Customer A is one of the major consulting websites in China. It has thousands of servers and hundreds of developers. The O&M team used an ELK cluster to process NGINX logs. However, the cluster always failed when processing a large volume of data. For example
  • The cluster becomes unavailable to other users when a user queries a large amount of data.
  • The cluster is fully occupied during peak hours, busy collecting and processing data. This compromises data integrity and the accuracy of query results.
  • The cluster becomes unavailable and inaccurate in some cases because, as the business grows, out of memory (OOM) often occurs due to memory settings and heartbeat synchronization failures. This cluster is useless to developers.
In June 2018, the O&M team began to use Log Service to solve the problems.
  1. The team uses Logtail to collect online logs, and uses the API to integrate log collection and server management configurations into the O&M system.
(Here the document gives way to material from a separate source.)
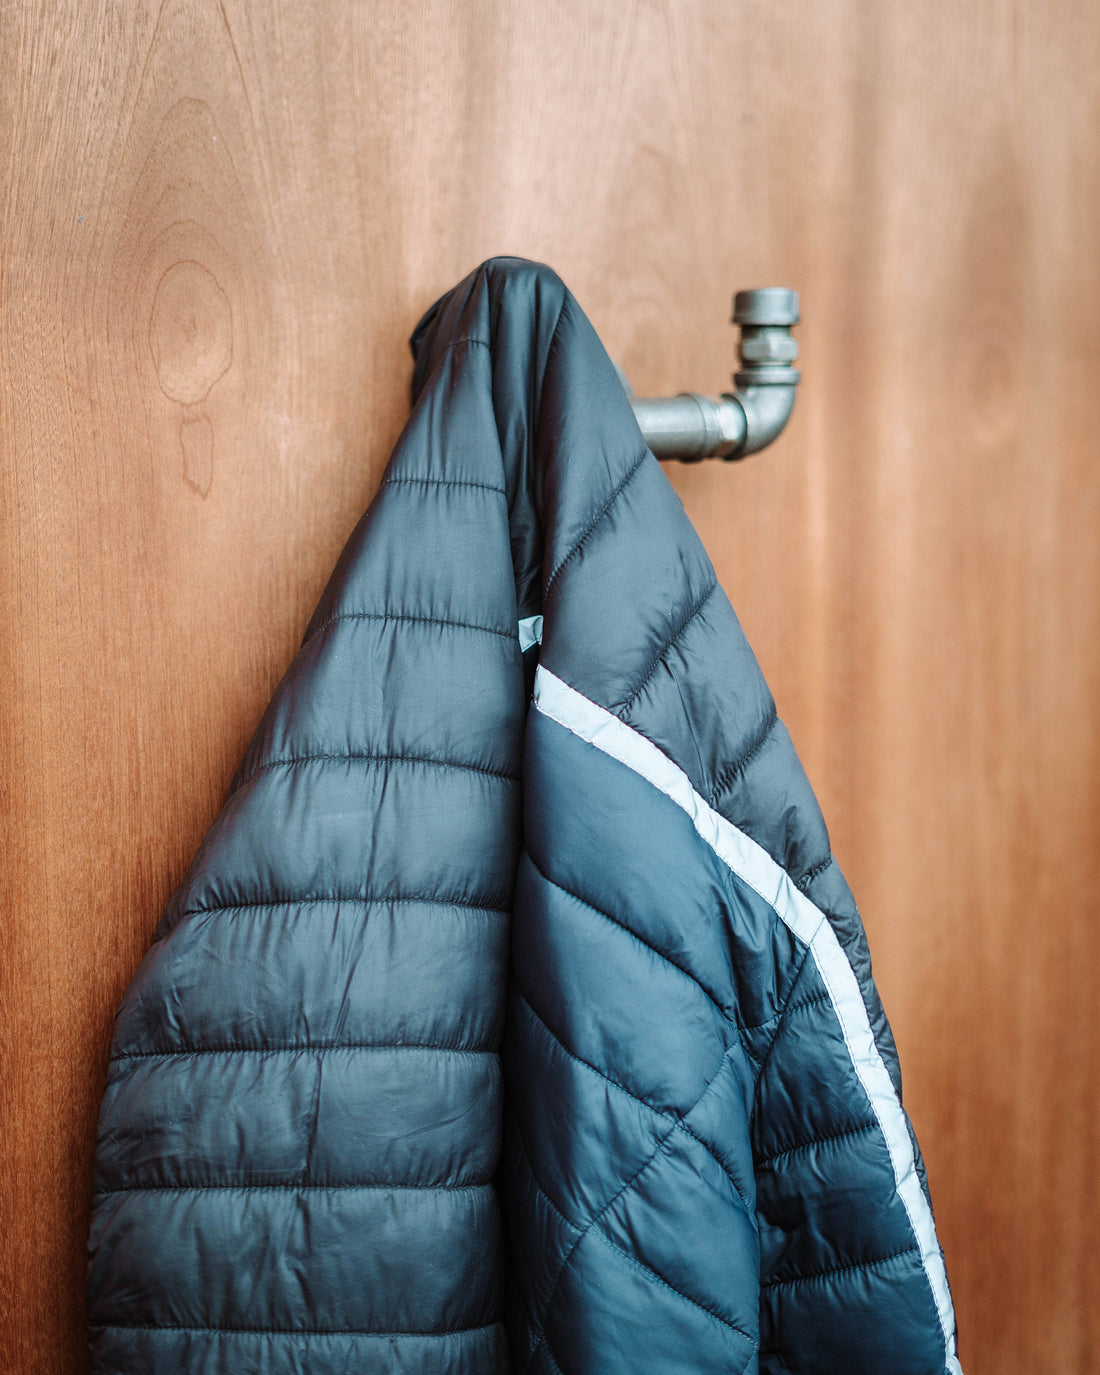 Luxurious Coat Hooks, showcasing coat hangers, door hooks, and wall coat rack options.

  2. The team embeds the Log Service query page into the unified logon and O&M platform to separate business permissions from account permissions.
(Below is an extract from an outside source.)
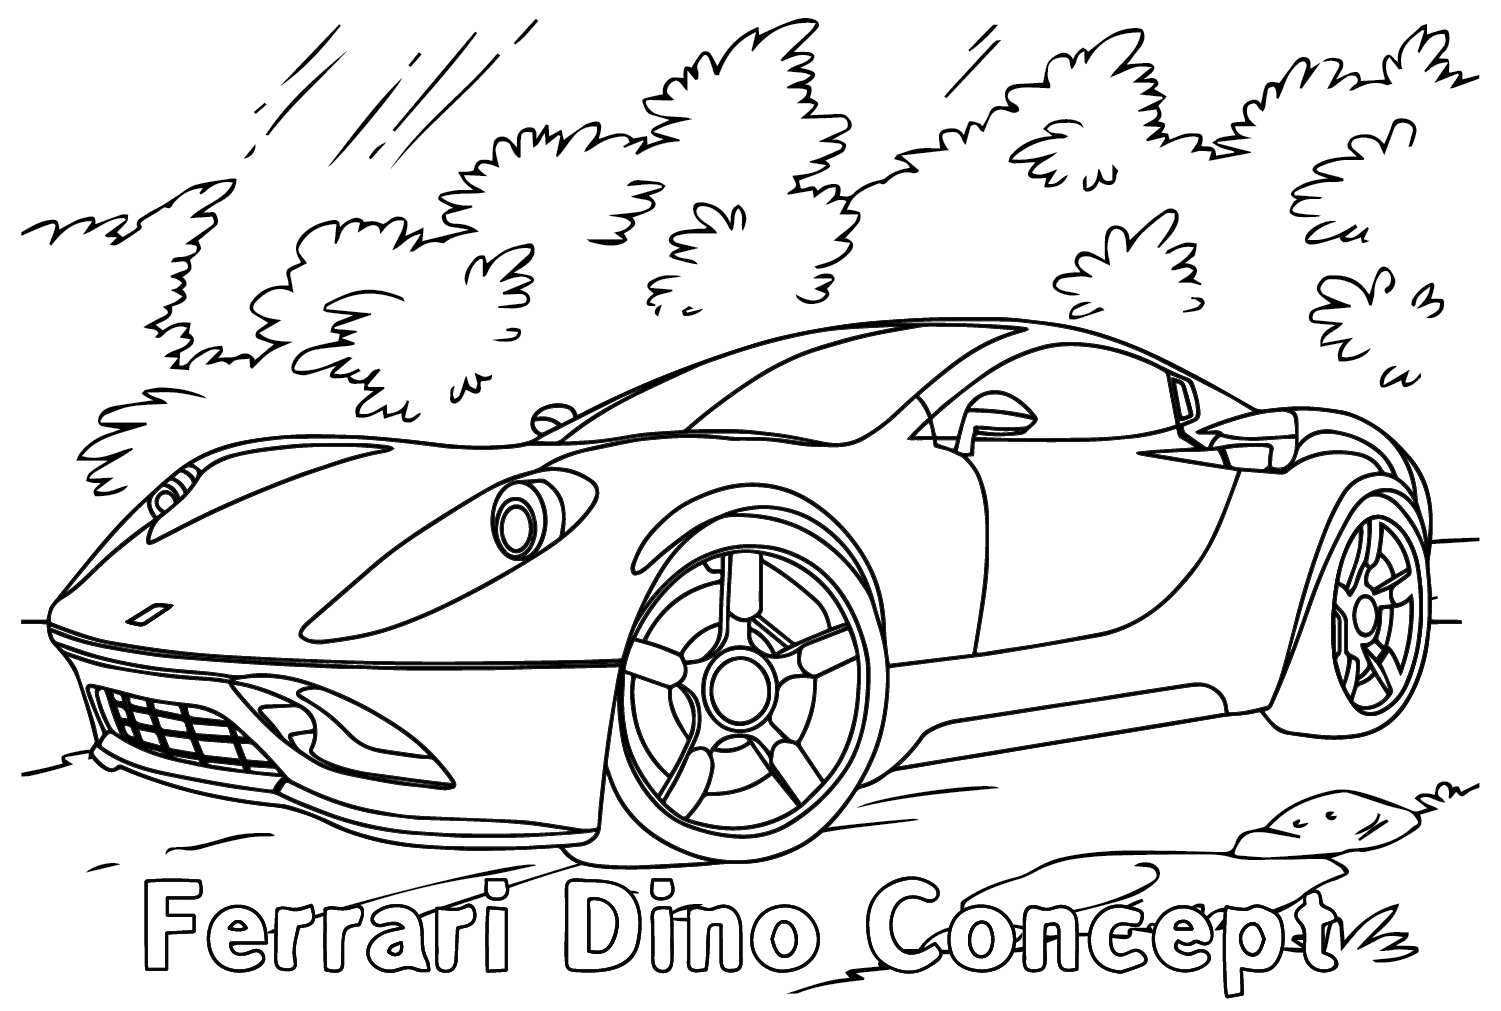 Ferrari Dino Concept Coloring Page

  3. The team embeds the Log Service console page into the customer's own platform so that the development team can query logs in an efficient way. The team also configures Grafana plug-ins to monitor business and configures DataV to create dashboards in Log Service.
After two months, the customer's O&M has been improved as follows:
  • The number of queries per day has increased significantly. Developers are increasingly using the O&M platform to search and analyze logs and have their efficiency improved. The O&M team also revokes online logon permissions.
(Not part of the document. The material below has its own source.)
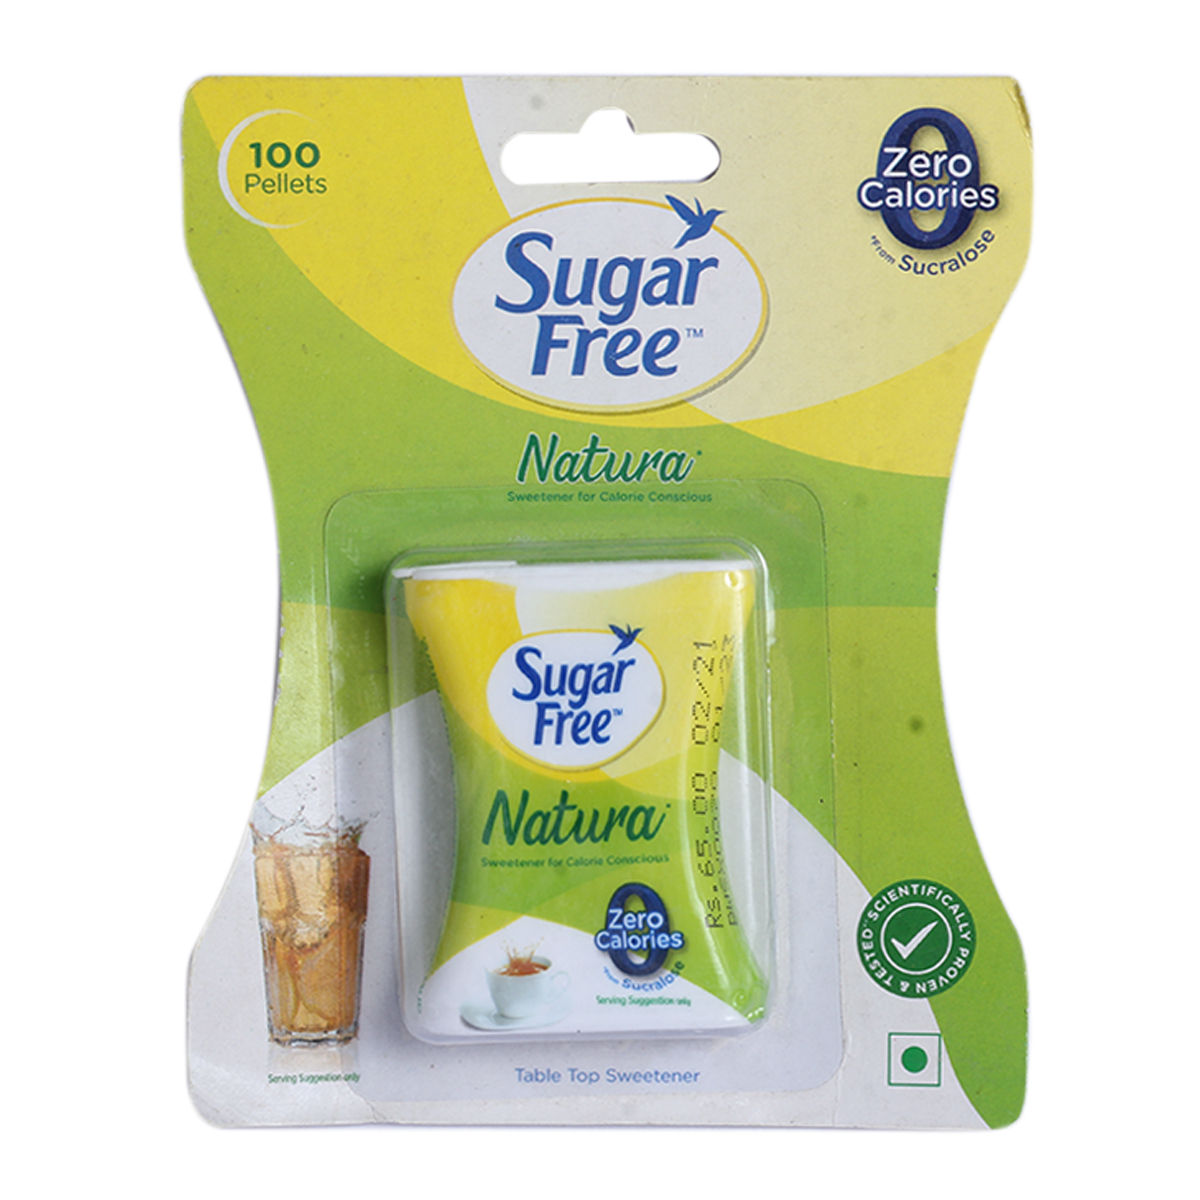 Sugar Free Natura Low Calorie Sweetener, 100 Pellets, Pack of 1

  • In addition to NGINX logs, the O&M platform also imports application logs, mobile device logs, and container logs into Log Service. The amount of data that are processed increases by 9 times.
  • More applications are developed. For example, Jaeger plug-ins are integrated with Log Service to build a tracing system for logs. Alerts and charts are configured to detect online errors on a daily basis.
  • Various platforms are interconnected with the unified O&M platform to collect data in a uniform manner and avoid repeated data collection. In addition, the Spark and Flink platforms of the big data department can consume log data in real time.

Summary

Elasticsearch supports more common scenarios such as data updates, queries, and deletions. It is widely used in fields such as data search and analysis, and application development. The ELK stack maximizes the flexibility and performance of Elasticsearch in log analytics scenarios. Log Service is designed for log data search and analytics scenarios. Many of its features are unique in the industry. The ELK stack can cover a wider range of scenarios while Log Service provides deeper analytics features for specific scenarios. You can choose either one of the two services based on your business needs.